▸ Data block
=== Begin Enclosure ===

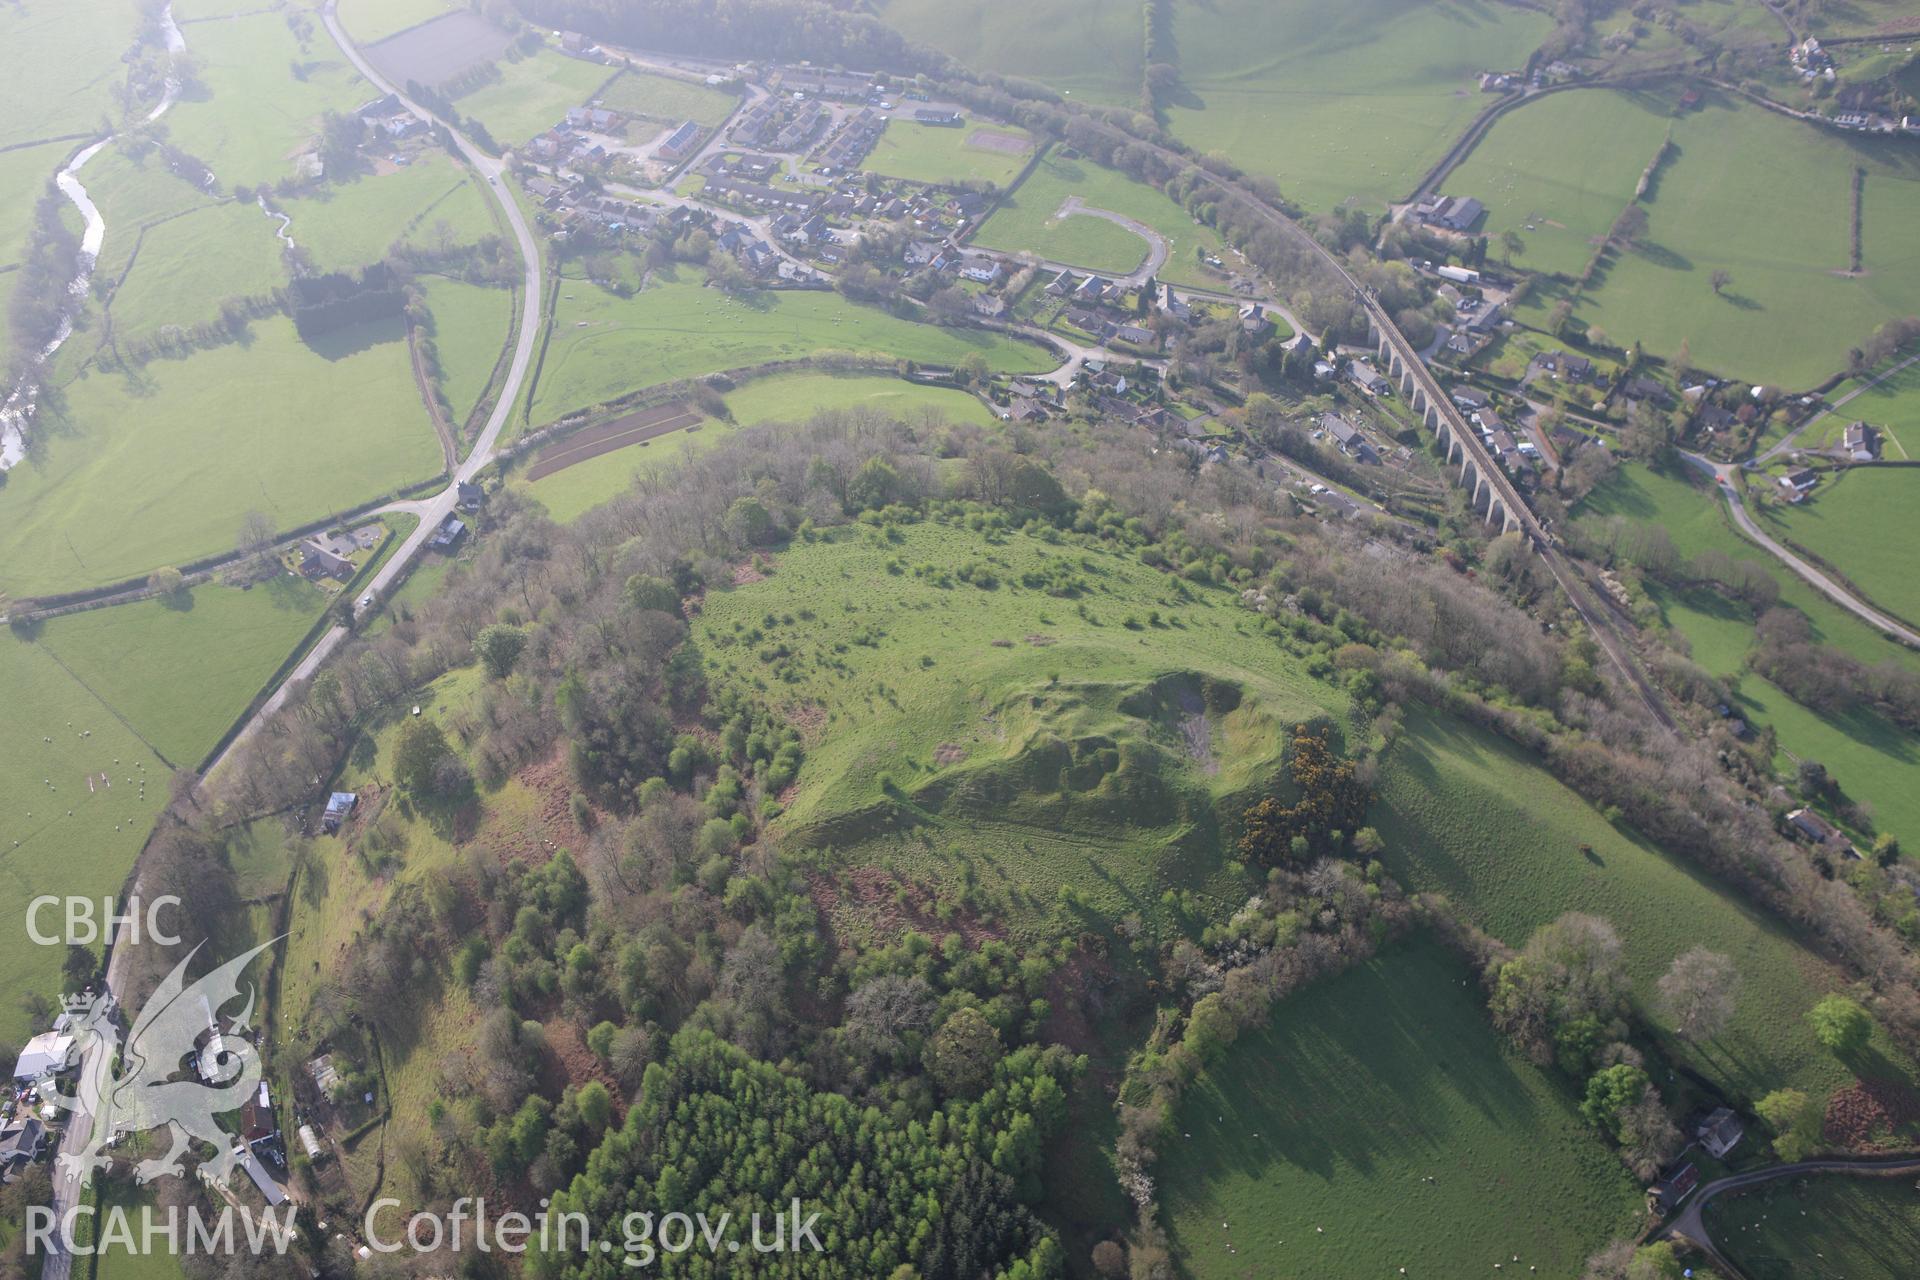 RCAHMW colour oblique aerial photograph of Cnwclas Castle. Taken on 21 April 2009 by Toby Driver
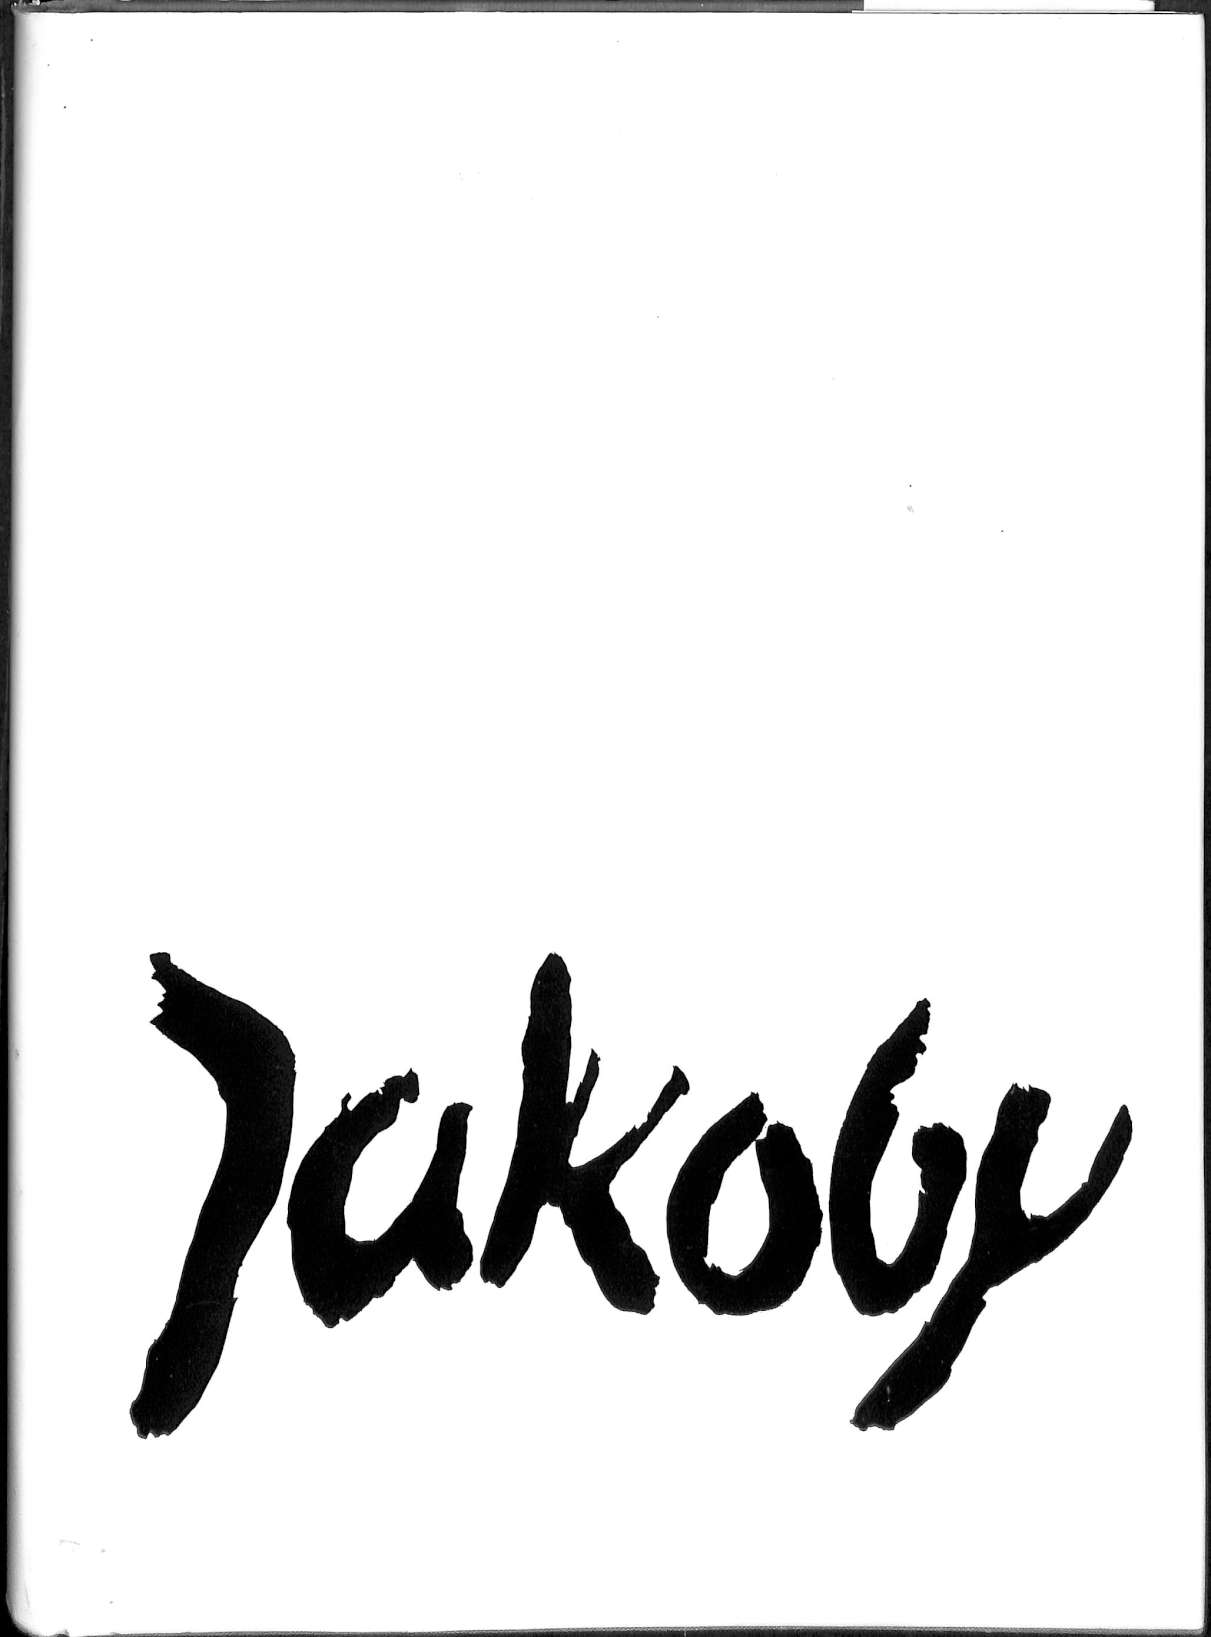 Jlius Jakoby (1903-1985)
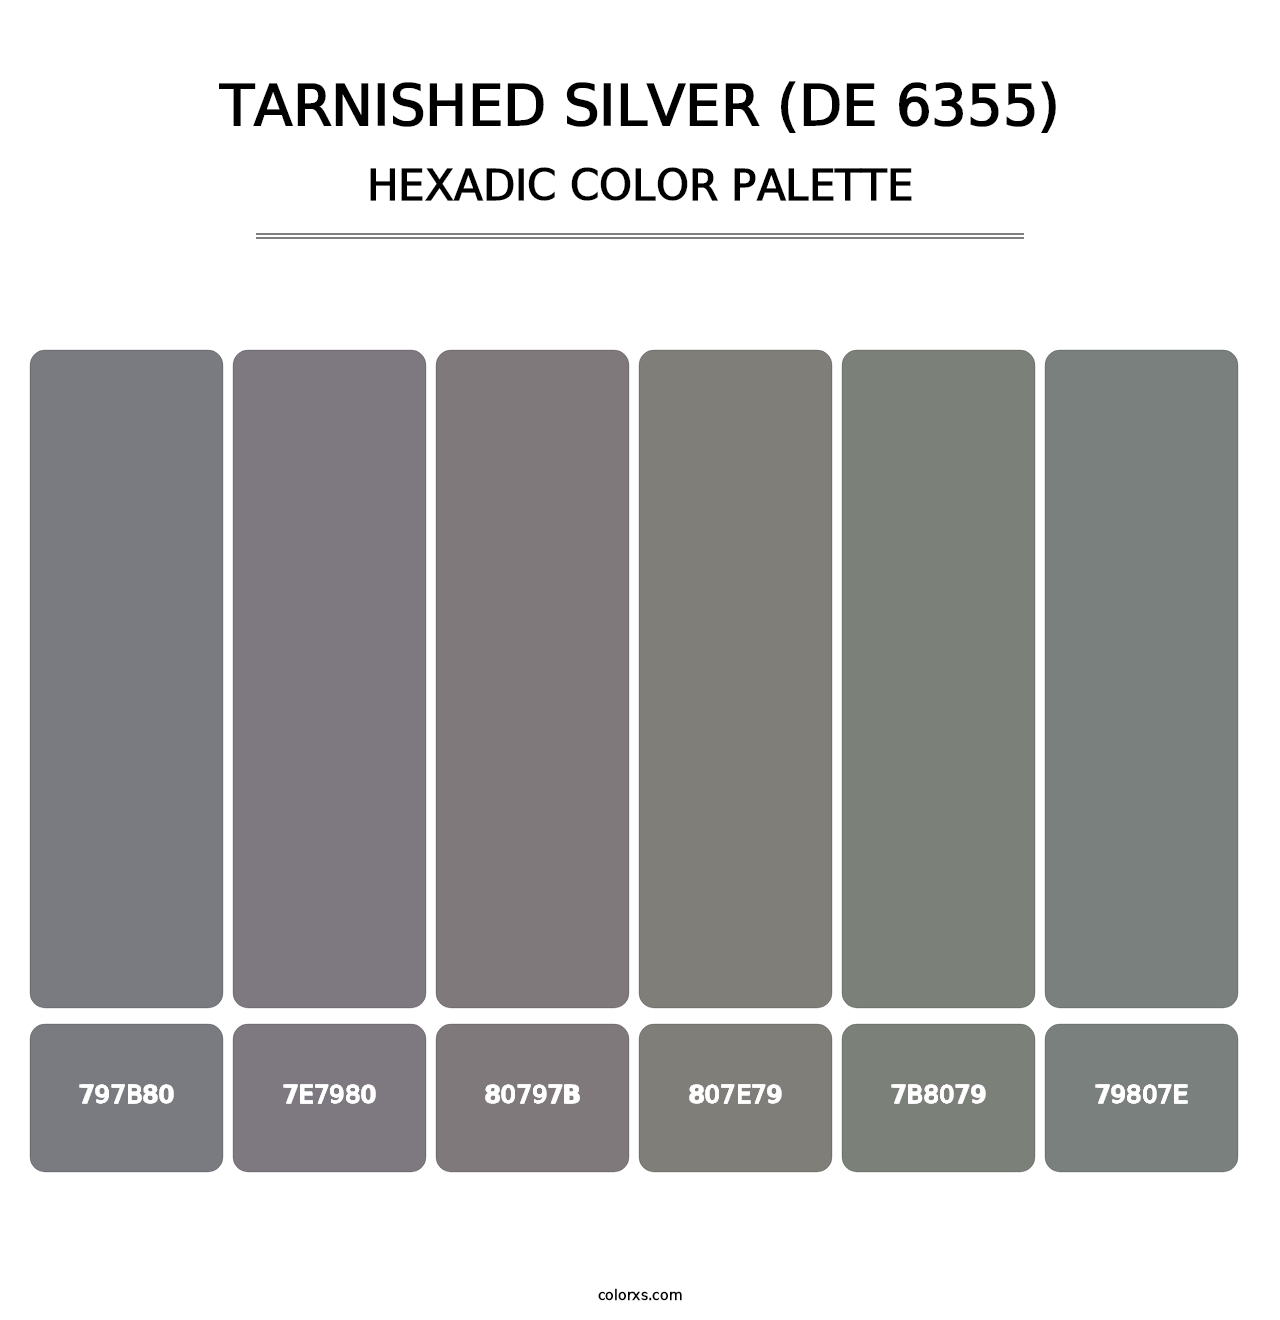 Tarnished Silver (DE 6355) - Hexadic Color Palette

=== End Enclosure ===

▸ Task statement
Your copy of the data above should match it exactly, apart from the images.

▸ Response box
 RCAHMW colour oblique aerial photograph of Cnwclas Castle. Taken on 21 April 2009 by Toby Driver
 Jlius Jakoby (1903-1985)
 Tarnished Silver (DE 6355) - Hexadic Color Palette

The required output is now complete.